In standard SI-Bibliotexes uclibc and uclibc- ng used in many built-in and portable devices, revealed vulnerability (CVE is not assigned), which allows to substitute fictitious data in the DNS cache, which can be used to substitution in the IP address of an arbitrary domain and redirect appeals to the domain On the server of the attacker.
The problem affects various Linux interrogations for routers, access points and Internet-worshiping devices, as well as Linux-displacements for built-in systems, such as OpenWRT and Embeded Gentoo. It is noted that vulnerability is manifested in the devices of many manufacturers (for example, UCLIBC used in firmware Linksys, Netgear and Axis), but since in UCLIBC and UCLIBC-NG vulnerability remains incorporate, detailed information about specific devices and manufacturers whose products are present until the problem is disclosed.
Vulnerability is caused by the use of predictable transaction identifiers in the DNS-stroke code.

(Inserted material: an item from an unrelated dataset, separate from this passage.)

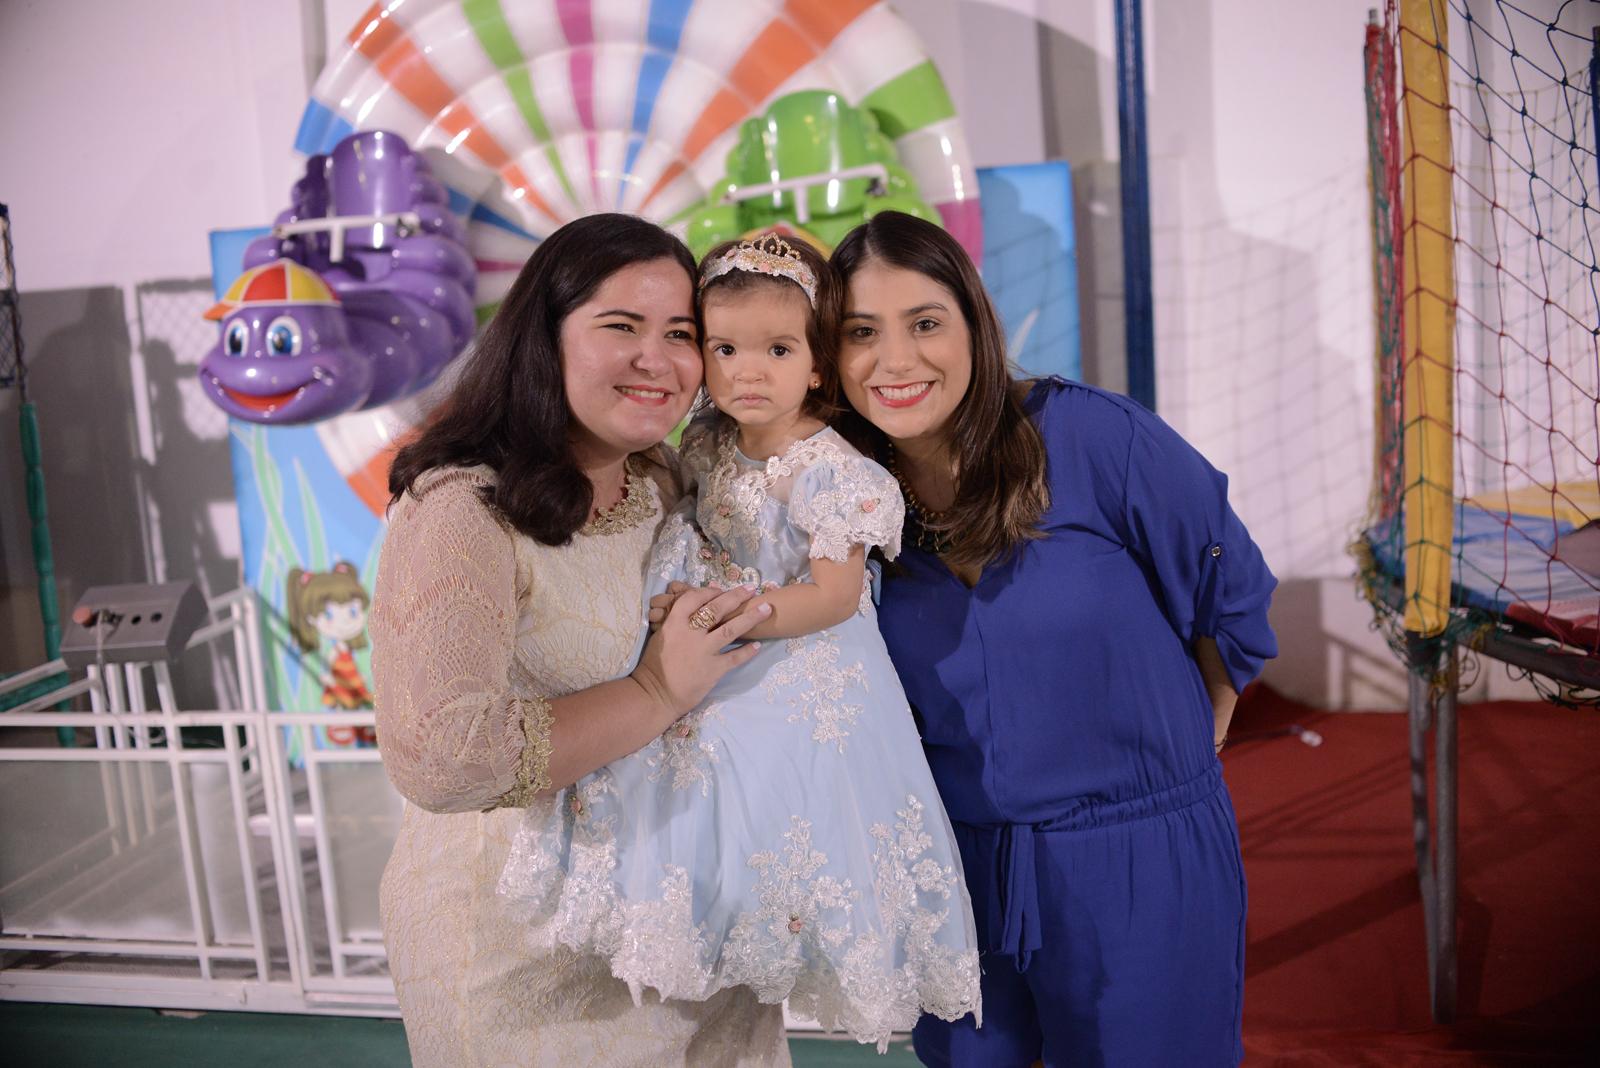 Liduina Figueiredo, Emanuela Figueiredo e Nathália Teixeira (1)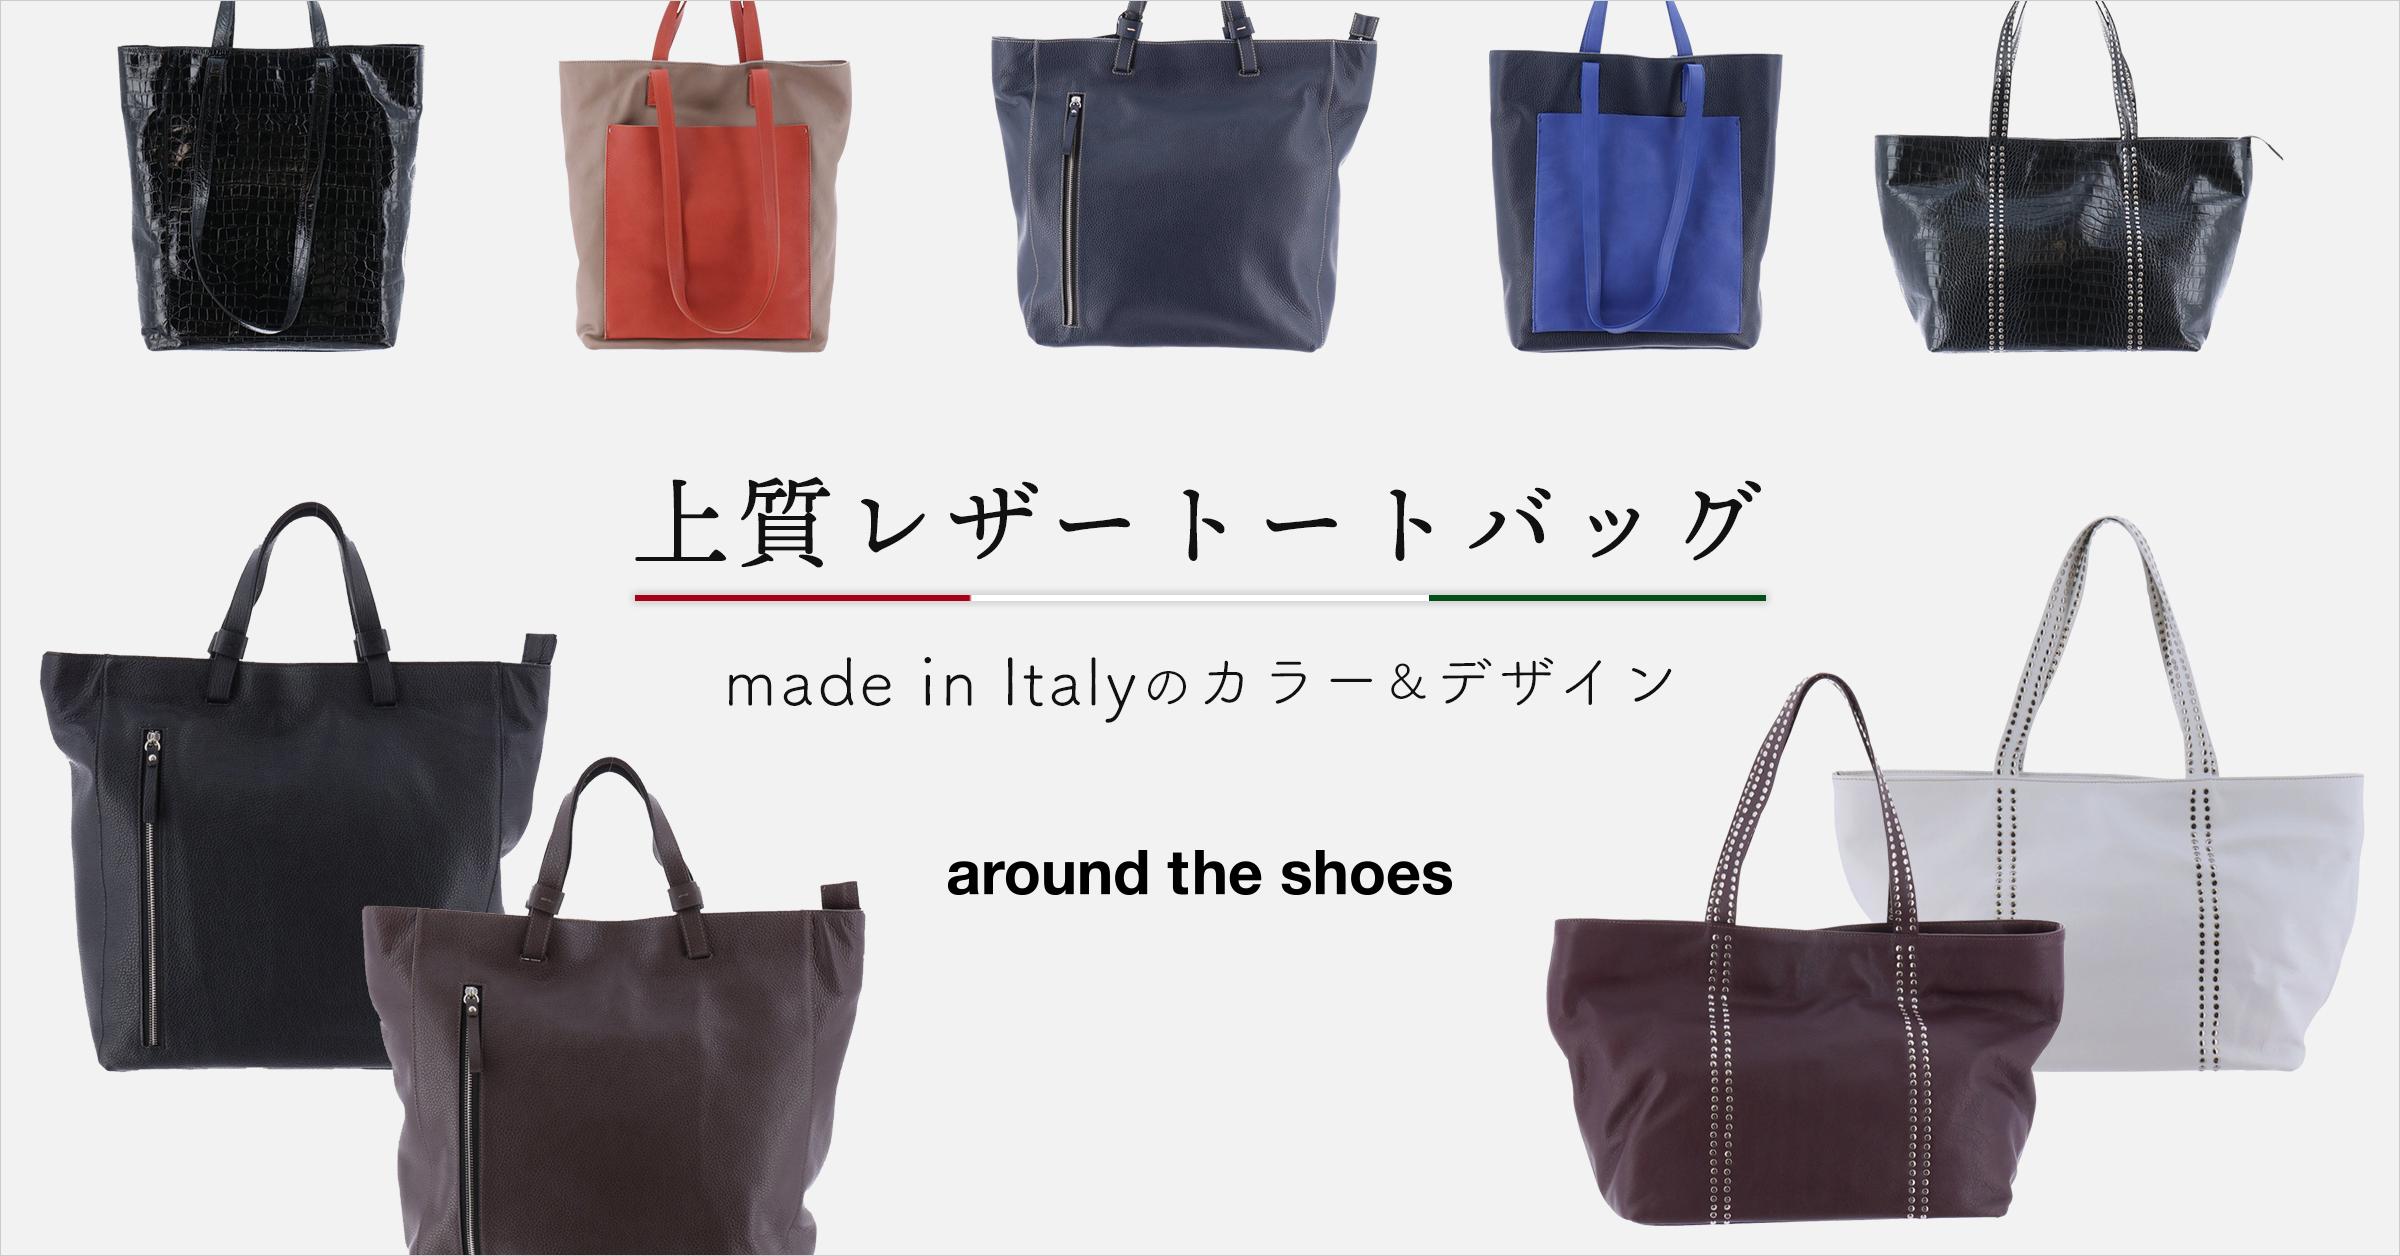 上質レザートートバッグ made in Italyのカラー&デザイン

The identification number of the DNS request was selected by a simple increase in the meter without the use of additional randomization of port numbers, which made it possible to achieve the poisoning of the DNS cache through the proactive sending of UDP packets with fictitious answers (the answer will be accepted if it came earlier than the response of the real server and includes the correct ID). Unlike the Kaminsky method proposed in 2008, the transaction identifier does not even need to be guessed, since it is initially predictable (at first, the value 1 is set, which increases with each request, and not selected randomly).
.
In the specification, to protect against the selection of the identifier, it is recommended to additionally apply the random distribution of numbers of the source network ports from which the DNS queries are sent, which compensates for the insufficiently large size of the identifier. When the ports are turned on, to form a fictitious response, in addition to the selection of 16 bit identifier, it is necessary to choose the number of the network port. In UCLIBC and UCLIBC-H, such a randomization was not explicitly turned on (when calling Bind, the random source UDP port was not indicated) and its use depended on the settings of the operating system.
When you turn off the randomization of the sweat, the determination of the increased request identifier is noted as a trivial task. But even in the case of randomization, the attacker only needs to guess the network port from the range 32768-60999, for which you can use the massive simultaneous sending of fictitious answers to different network ports.